I am also trying to contact the engineer who built the Lustre system for more 
information regarding the drive information.
To my knowledge, the LustreMDT pool is a 4 SSD disk group (named 
/dev/mapper/SSD) with hardware RAID5.

I can manually mount the LustreMDT/mdt0-work by following steps:

pcs cluster standby --all (Stop MDS and OSS)
zpool import LustreMDT
zfs set canmount=on LustreMDT/mdt0-work
zfs mount LustreMDT/mdt0-work

Then I ls the file /LustreMDT/mdt0-work/oi.3/0x200000003:0x2:0x0 it returned 
I/O error, but other files look fine.
[root@mds1 mdt0-work]# ls -ahlt "/LustreMDT/mdt0-work/oi.3/0x200000003:0x2:0x0"
ls: reading directory /LustreMDT/mdt0-work/oi.3/0x200000003:0x2:0x0: 
Input/output error
total 23M
drwxr-xr-x 2 root root 2 Jan  1  1970 .
drwxr-xr-x 0 root root 0 Jan  1  1970 ..

Is this the drive failure situation you referring to?

Best,
Ian


On Wed, Sep 21, 2022 at 9:32 PM Robert Anderson 
<[email protected]<mailto:[email protected]>> wrote:
I could be reading your zpool status output wrong, but it looks like you had 2 
drives in that pool.
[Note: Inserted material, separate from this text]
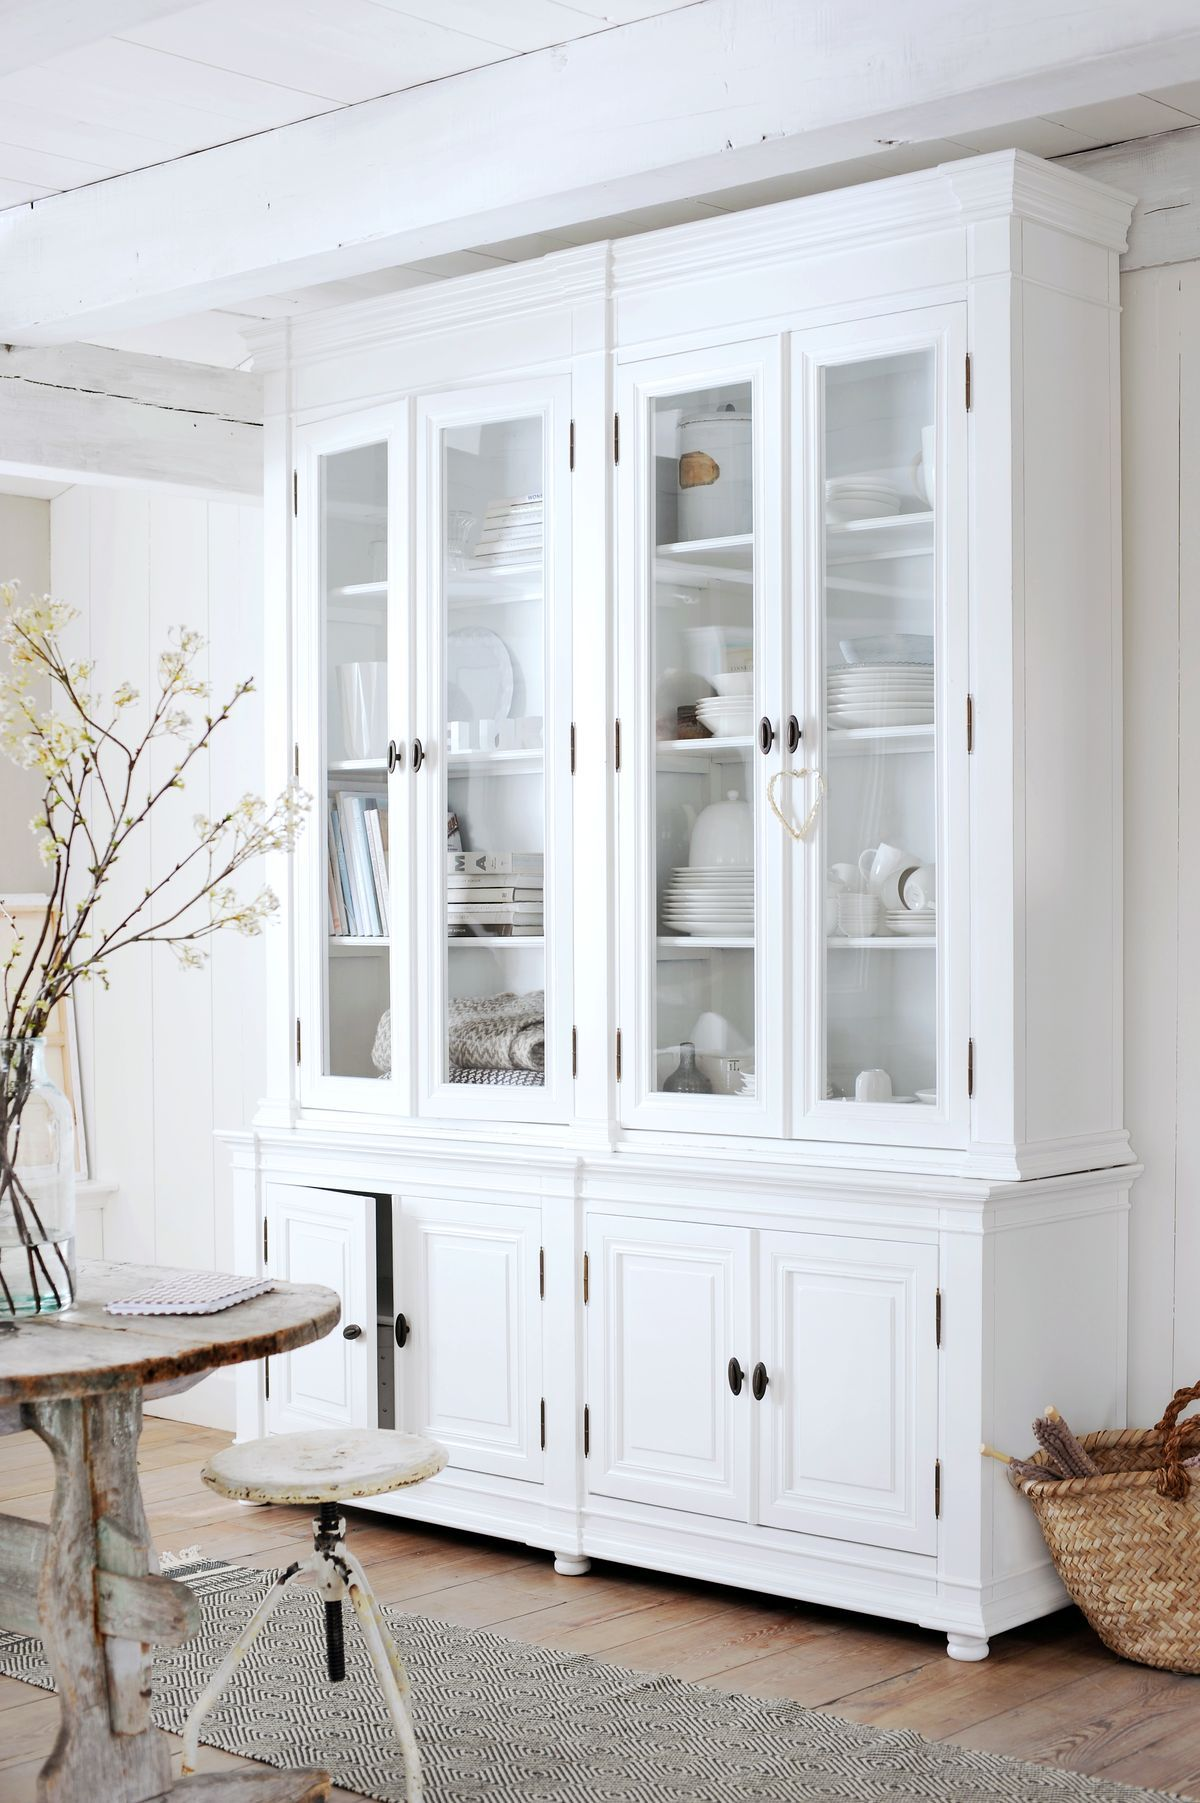 White Kitchen Set With Hutch

Not mirrored, so no fault tolerance. Any drive failure 
would lose half of the pool data.

Unless you can get that drive working you are missing half of your data and 
have no resilience to errors, nothing to recover from.

However you proceed you should ensure that have a mirrored zfs pool or more 
drives and raidz (I like raidz2).


On September 20, 2022 11:57:09 PM Ian Yi-Feng Chang via lustre-discuss 
<[email protected]<mailto:[email protected]>> wrote:

CAUTION: This email originated from outside of the University System. Do not 
click links or open attachments unless you recognize the sender and know the 
content is safe.


Dear All,
I think this problem is more related to ZFS, but I would like to ask for help 
from experts in all fields.
Our MDT cannot work properly after the IB switch was accidentally rebooted 
(power issue).
Everything looks good except for the MDT cannot be started.
Our MDT's ZFS didn't have a backup or snapshot.
I would like to ask, could this problem be fixed and how to fix?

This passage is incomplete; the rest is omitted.